King of Piedras Negras
- Reign: 10 March 758 – 767
- Predecessor: Itzam Kʼan Ahk II
- Successor: Haʼ Kʼin Xook
- Born: Piedras Negras
- Died: 767 Piedras Negras
- Father: Itzam Kʼan Ahk II
- Religion: Maya religion
- Signature: Yoʼnal Ahk III's signature

= Yoʼnal Ahk III =

Yoʼnal Ahk III (/myn/), also known as Ruler 5, was an ajaw of Piedras Negras, an ancient Maya settlement in Guatemala. He ruled during the Late Classic Period, from 758 to 767 AD. Yoʼnal Ahk III ascended to the throne upon the death of Itzam Kʼan Ahk II, who may have been Yoʼnal Ahk's father. He was succeeded by his probable brother, Haʼ Kʼin Xook in around 767 AD. Yoʼnal Ahk III left behind two surviving stelae at Piedras Negras, namely Stelae 14 and 16, the former of which has been called one of the finest niche stelae, according to Simon Martin and Nikolai Grube.

== Reign ==

Yoʼnal Ahk III, also known as Ruler 5, was likely the son of Itzam Kʼan Ahk II, based on Yoʼnal Ahk III's veneration of Itzam Kʼan Ahk II's mortuary temple. Yoʼnal Ahk III, whose name translates to "Black House Great Turtle", ascended to the throne of Piedras Negras on March 10, 758 AD (9.16.6.17.1 7 Imix 19 Wo in the Long Count), following the death of Itzam Kʼan Ahk II. Not much is known about either Yoʼnal Ahk III or his successor Haʼ Kʼin Xook, which led Flora Clancy to refer to both their reigns as "shadowy". James L. Fitzsimmons argues that, politically, Yoʼnal Ahk III was weaker than previous leaders of Piedras Negras, given that the ajaw erected only a handful of monuments and did not enforce his power beyond the existing Piedras Negras hegemony.
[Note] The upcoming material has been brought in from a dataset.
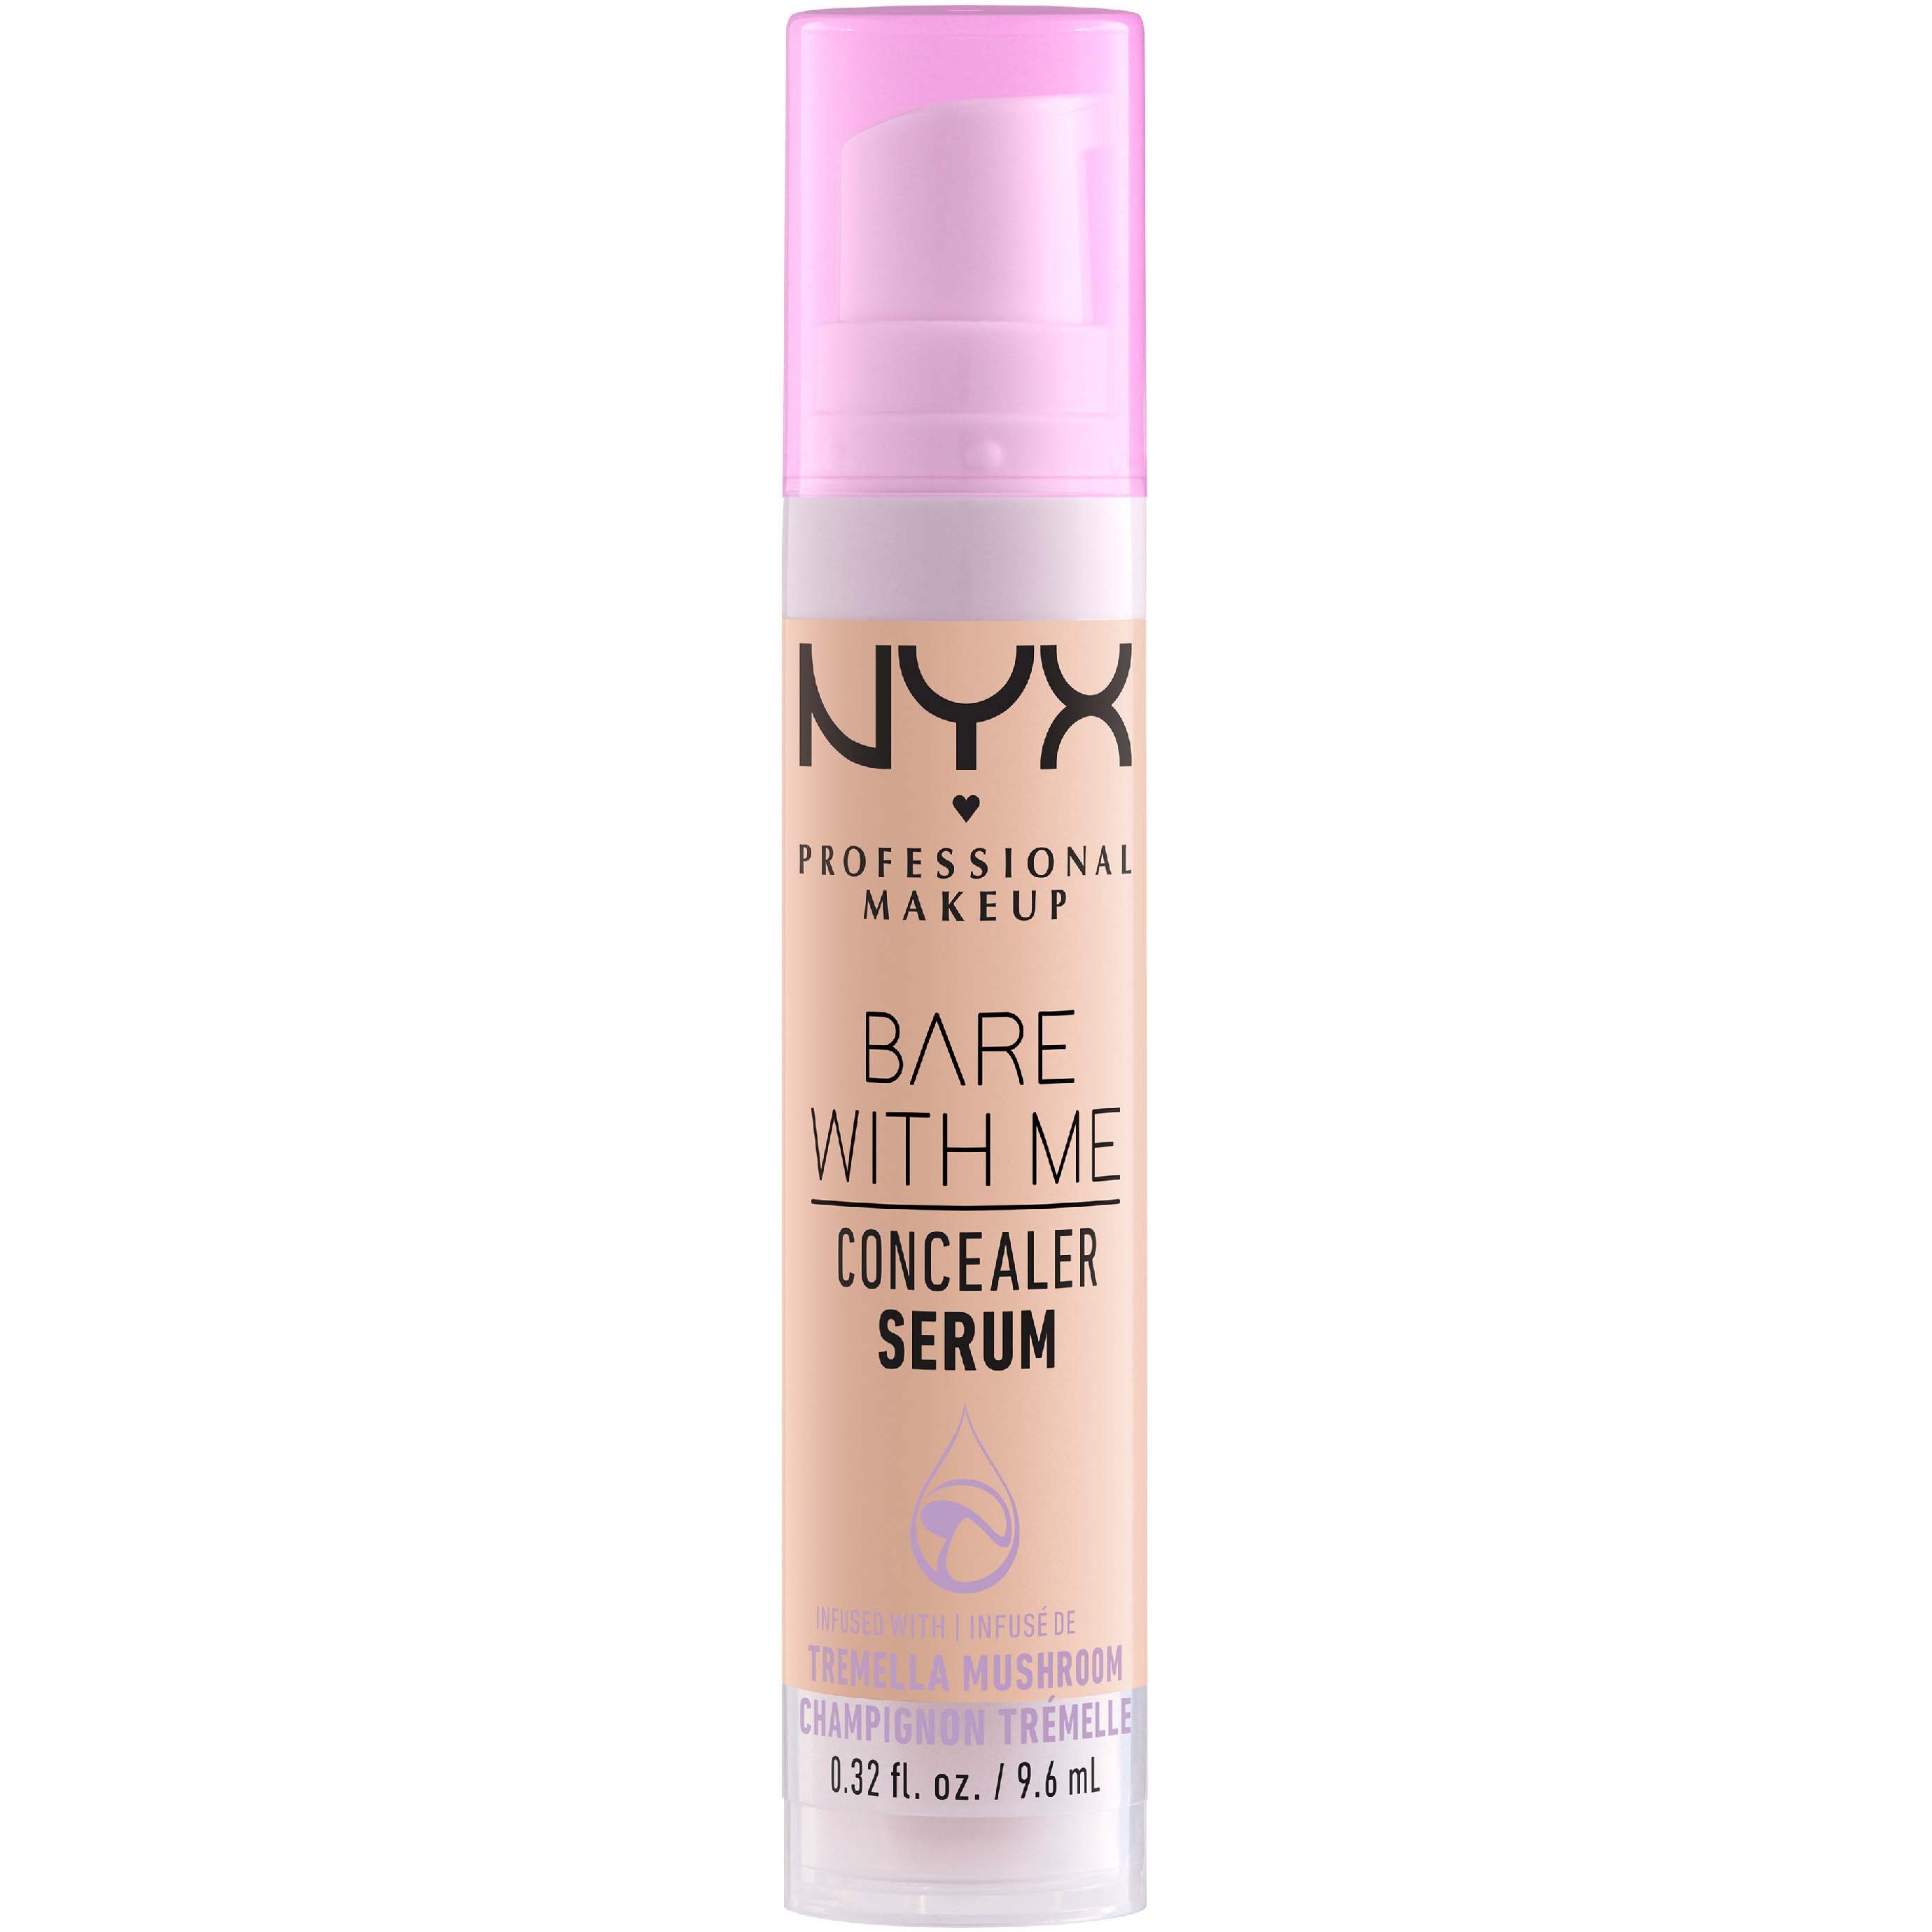 NYX PROFESSIONAL MAKEUP Bare With Me Concealer Serum Light
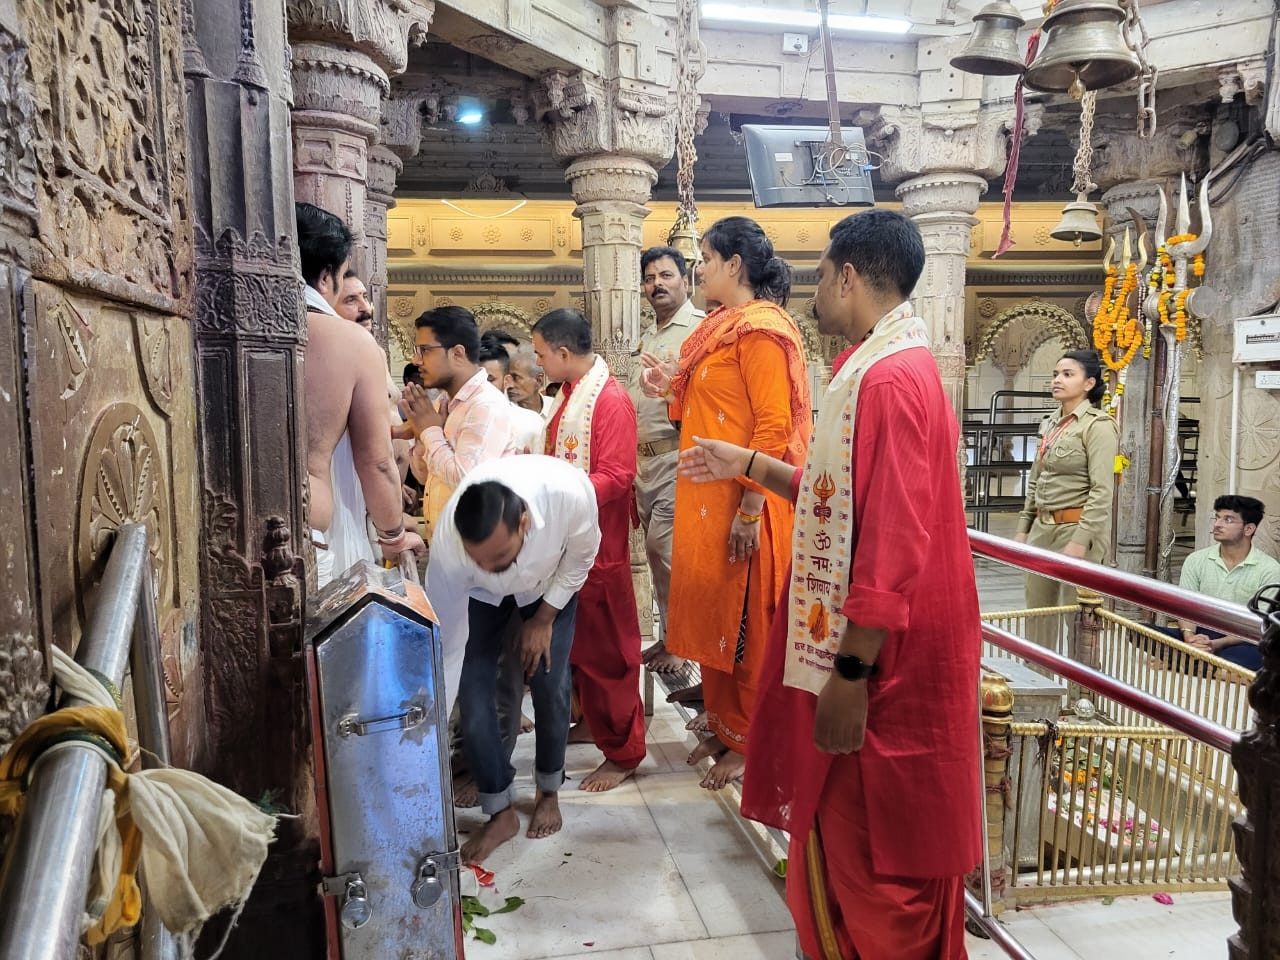 cops in priest attire at kashi temple, akhilesh yadav asks 'who gave orders?'

Monuments at El Cayo record that Yoʼnal Ahk III was involved in burial ceremonies for a sajal in 763 AD, although he was not involved in picking the leader's successor. It is also known that during his reign, a kʼiniʼ ajaw ("prince") of Piedras Negras, Tʼul Chiik, was captured by Yaxun Bʼalam IV of Yaxchilan; it has been hypothesized that Yoʼnal Ahk III's focus on smaller satellite kingdoms such as La Mar and Yax Niil was a tactic to build up a "base of support" to combat the growing threat that Yaxchilan posed. Yoʼnal Ahk III was succeeded by Haʼ Kʼin Xook, who was possibly his brother.

== Monuments ==
Only two monuments that Yoʼnal Ahk III erected survive today: Stelae 14 and 16. The first of these, Stela 14—which Simon Martin and Nikolai Grube called the "finest of all 'niche' monuments"—is the king's accession memorial. Raised c. AD 761, it depicts an effigy of the king in a small hollow (or "niche") scattering incense. The monument was placed on the lower part of Structure O-13, and according to O'Neil, the stela's "form, imagery, and location acknowledged and responded to Structure O-13's participation in the processional circuit" of the site. The front of the monument features not only the ajaw, but also his mother standing "as witness" to her son. Her positioning likely suggested that she has just arrived from the West Group Plaza via a sacred route. Stela 14 also includes the names of several sculptors and artists. These names are difficult to translate, since many are unique and not found in any other extant Mayan glyphic texts.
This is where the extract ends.